● Raw data
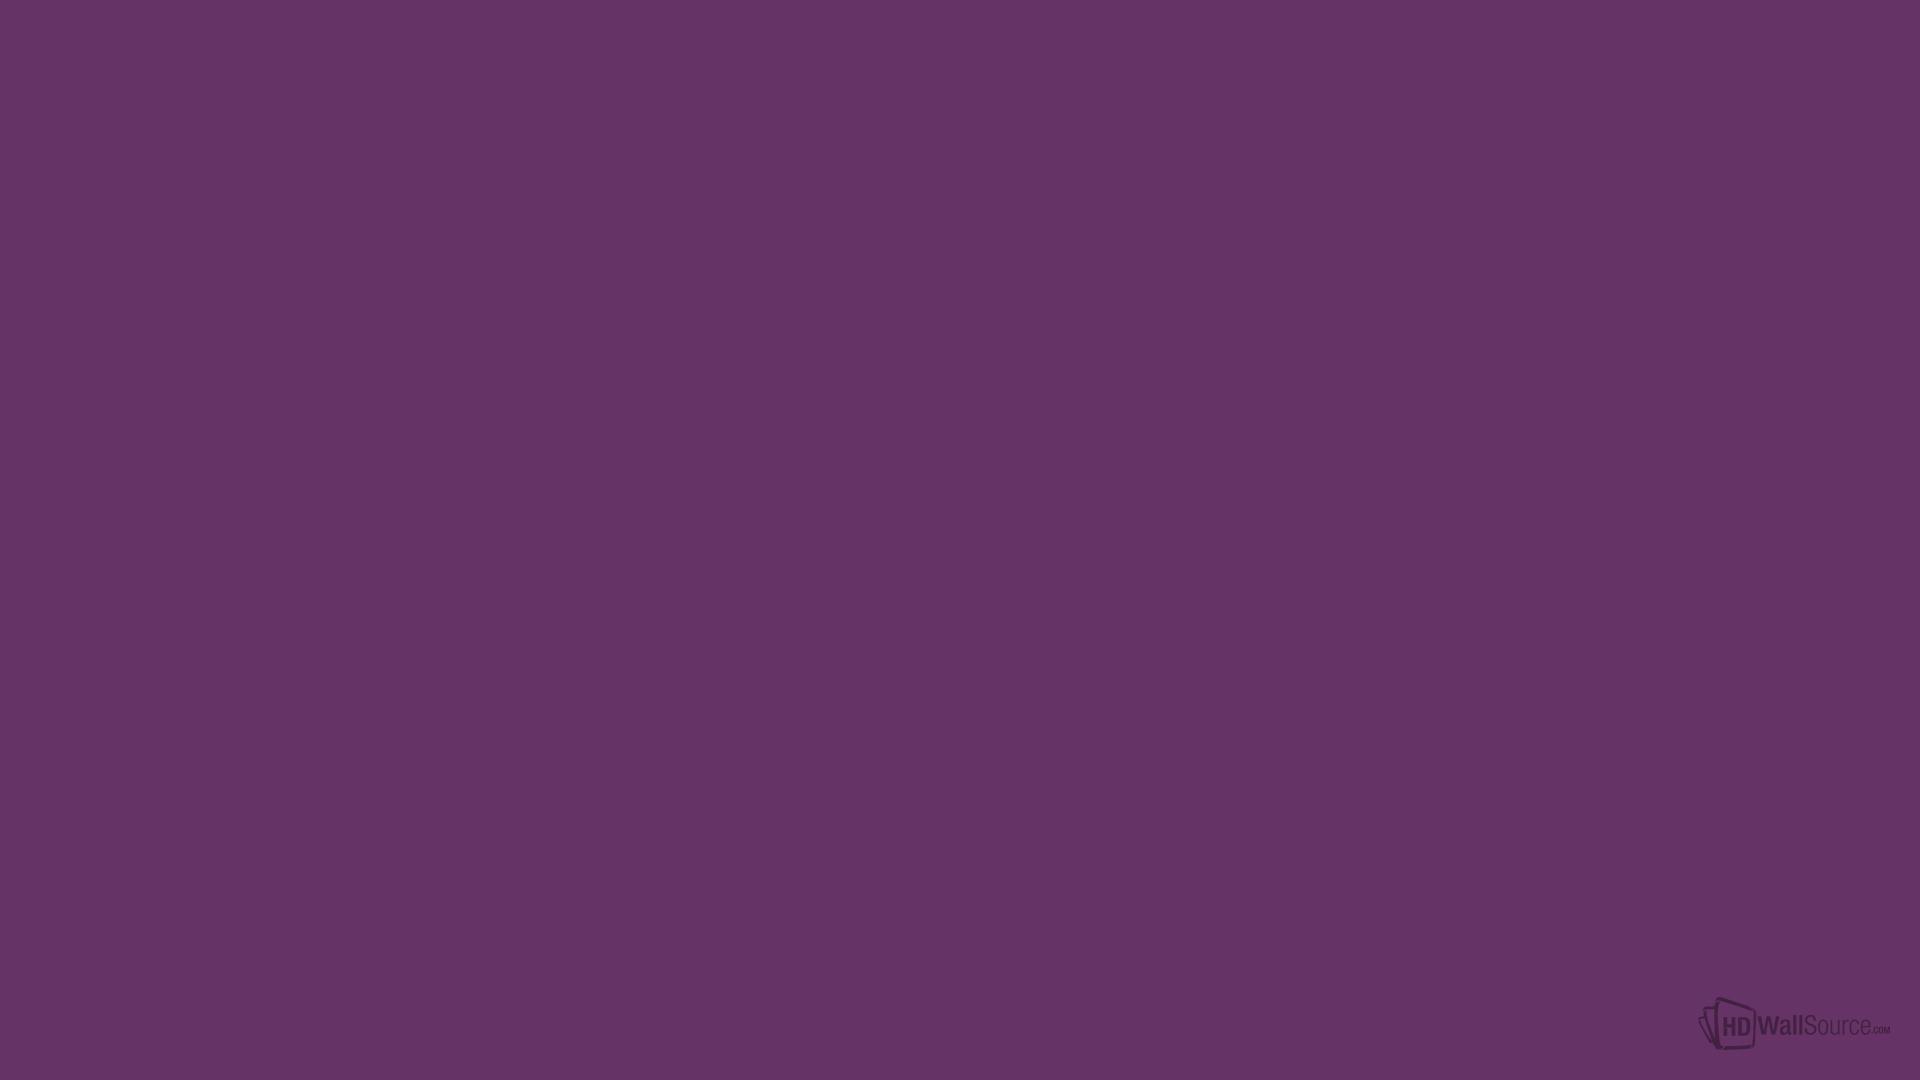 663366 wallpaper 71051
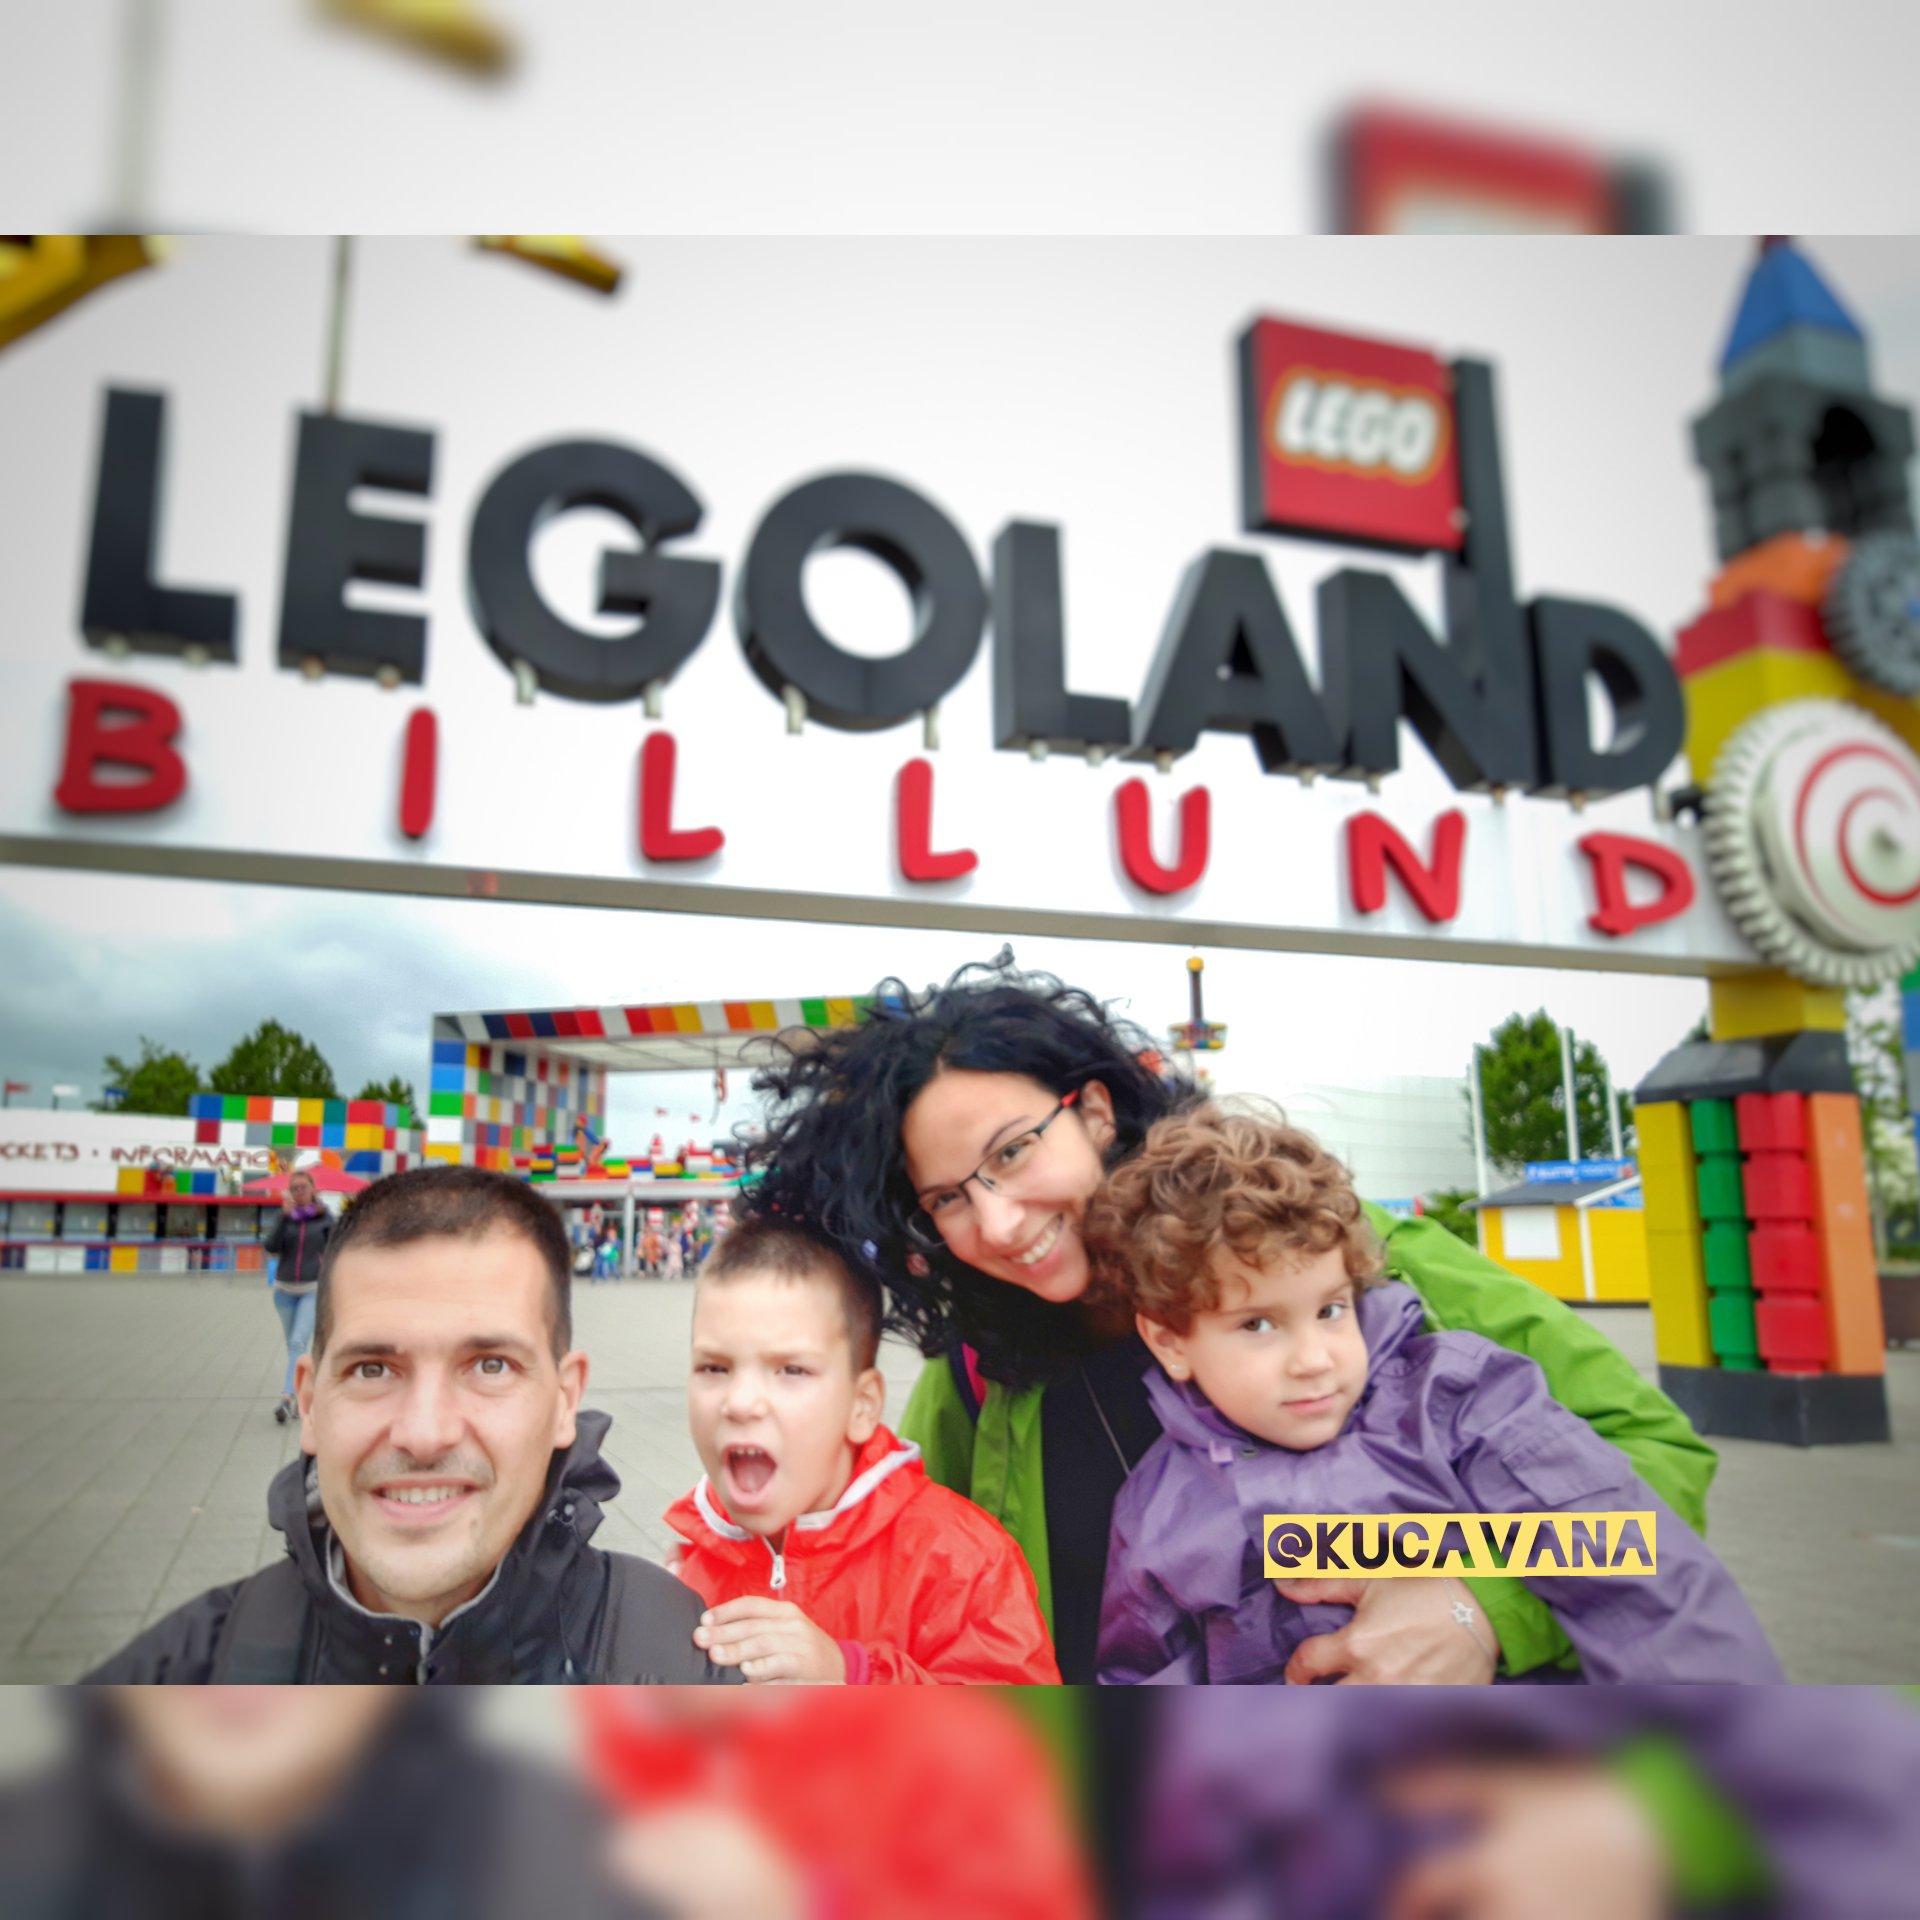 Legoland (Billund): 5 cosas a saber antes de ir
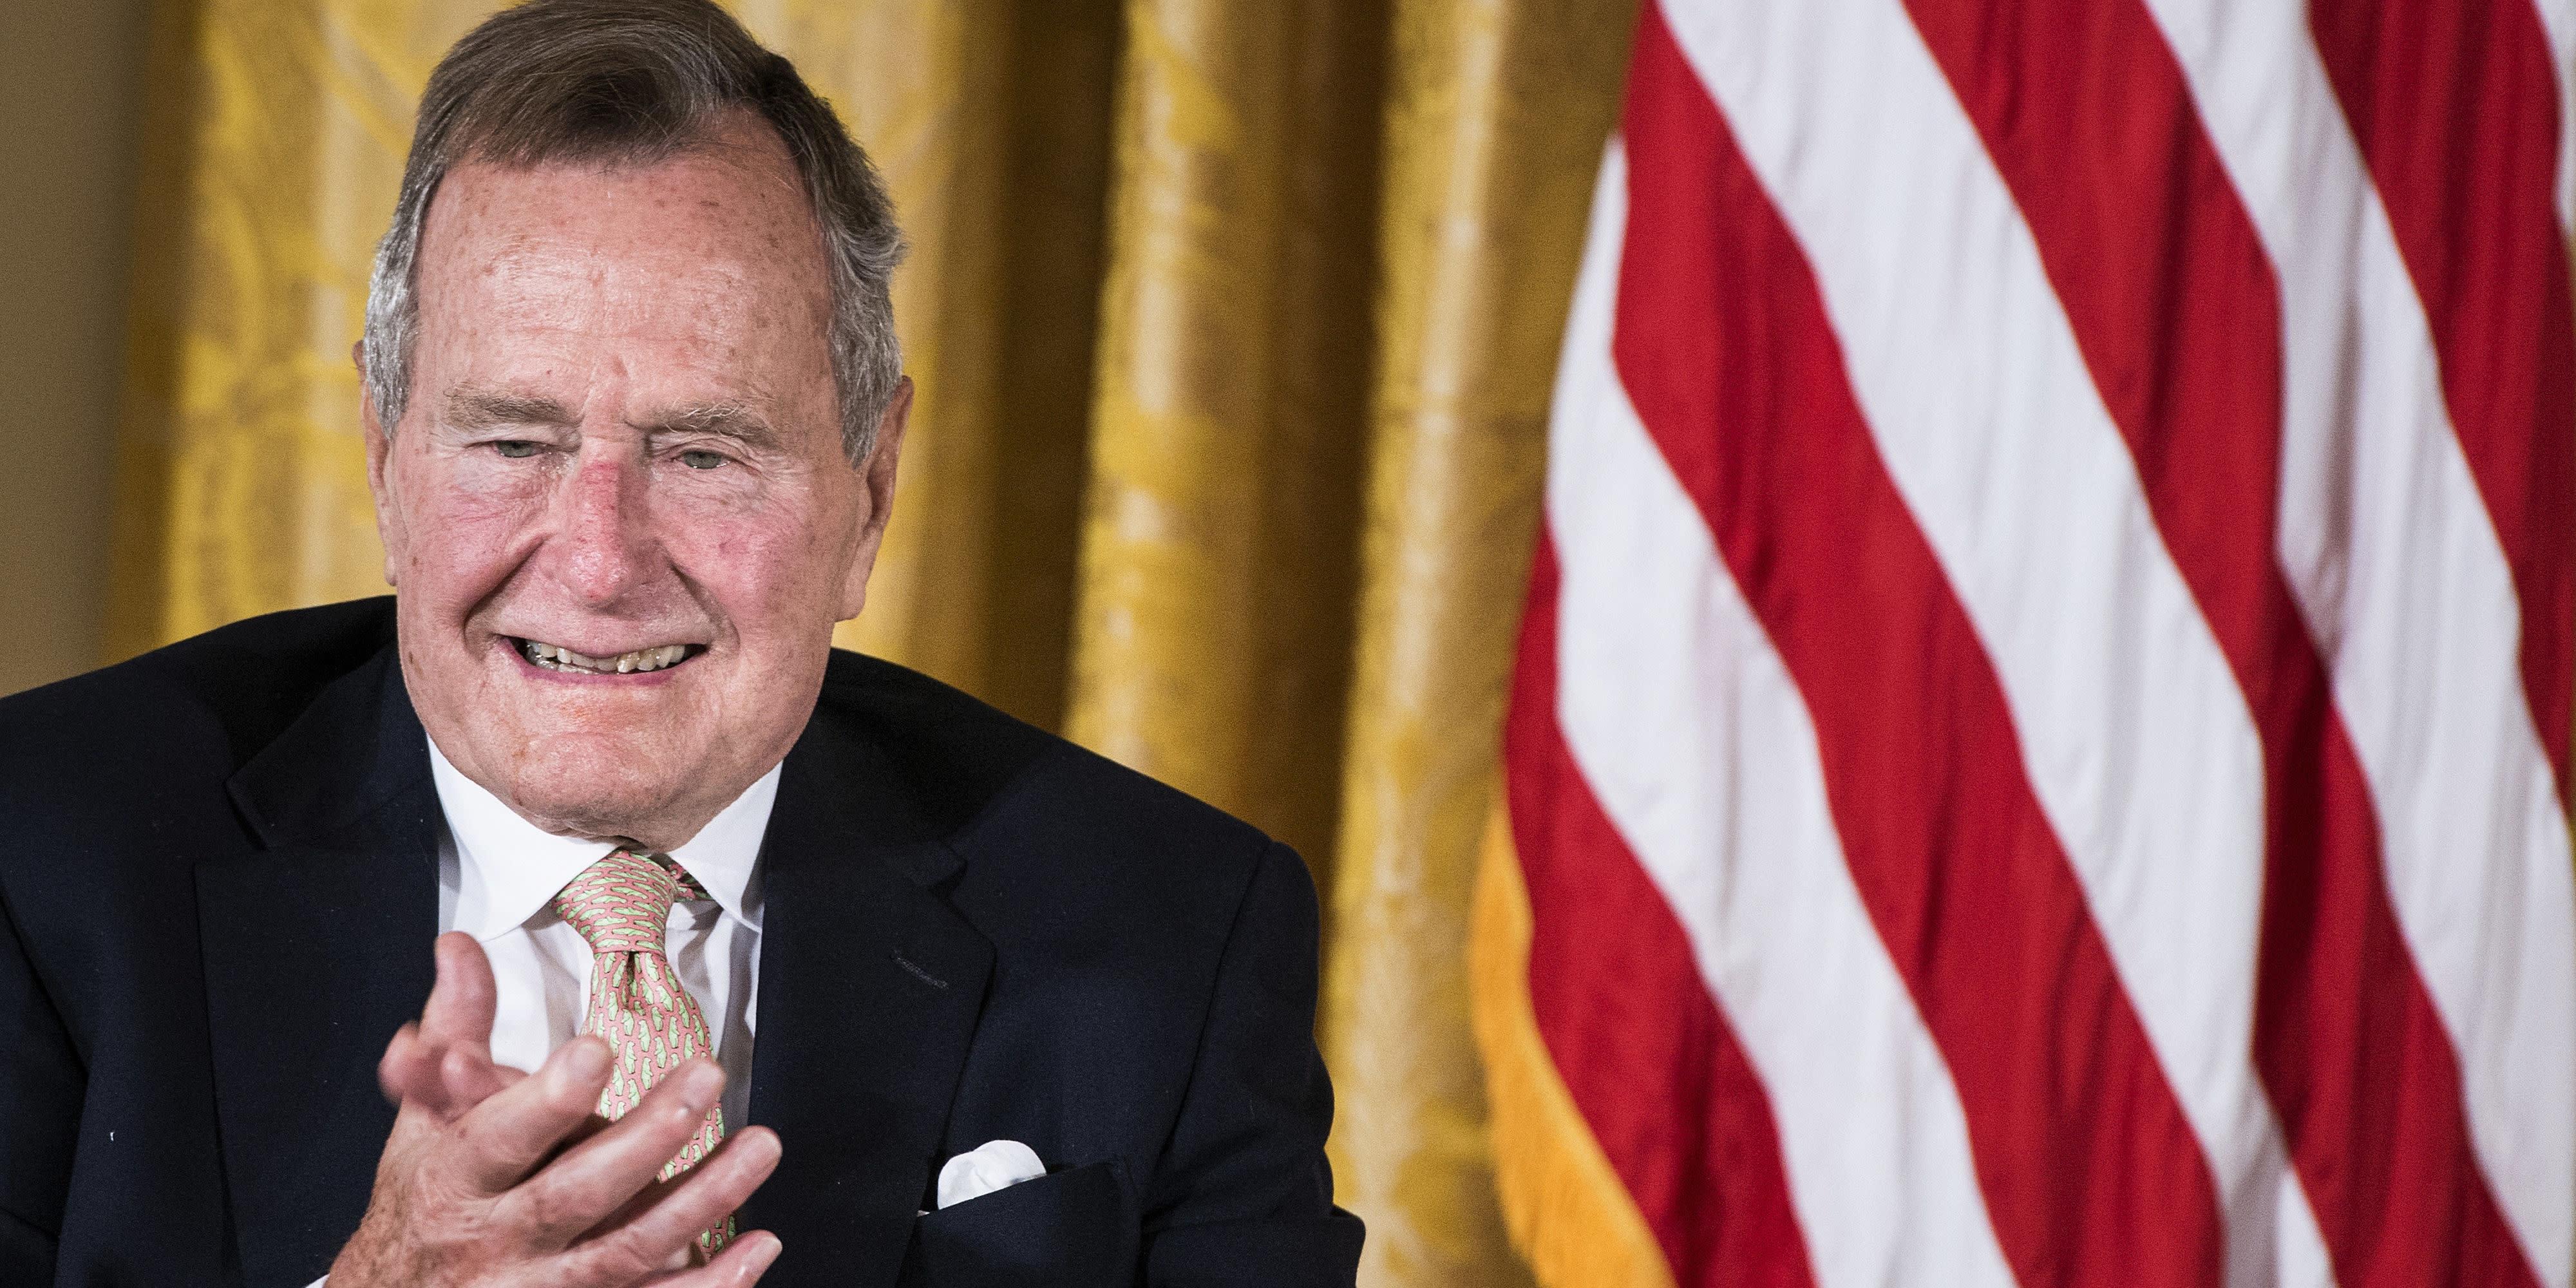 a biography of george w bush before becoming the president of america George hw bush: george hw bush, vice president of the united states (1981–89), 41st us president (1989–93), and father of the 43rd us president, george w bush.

● Description of the task
The material above must be printed exactly, with its pictures left out.

● Result below
 663366 wallpaper 71051
 Legoland (Billund): 5 cosas a saber antes de ir
 a biography of george w bush before becoming the president of america George hw bush: george hw bush, vice president of the united states (1981–89), 41st us president (1989–93), and father of the 43rd us president, george w bush.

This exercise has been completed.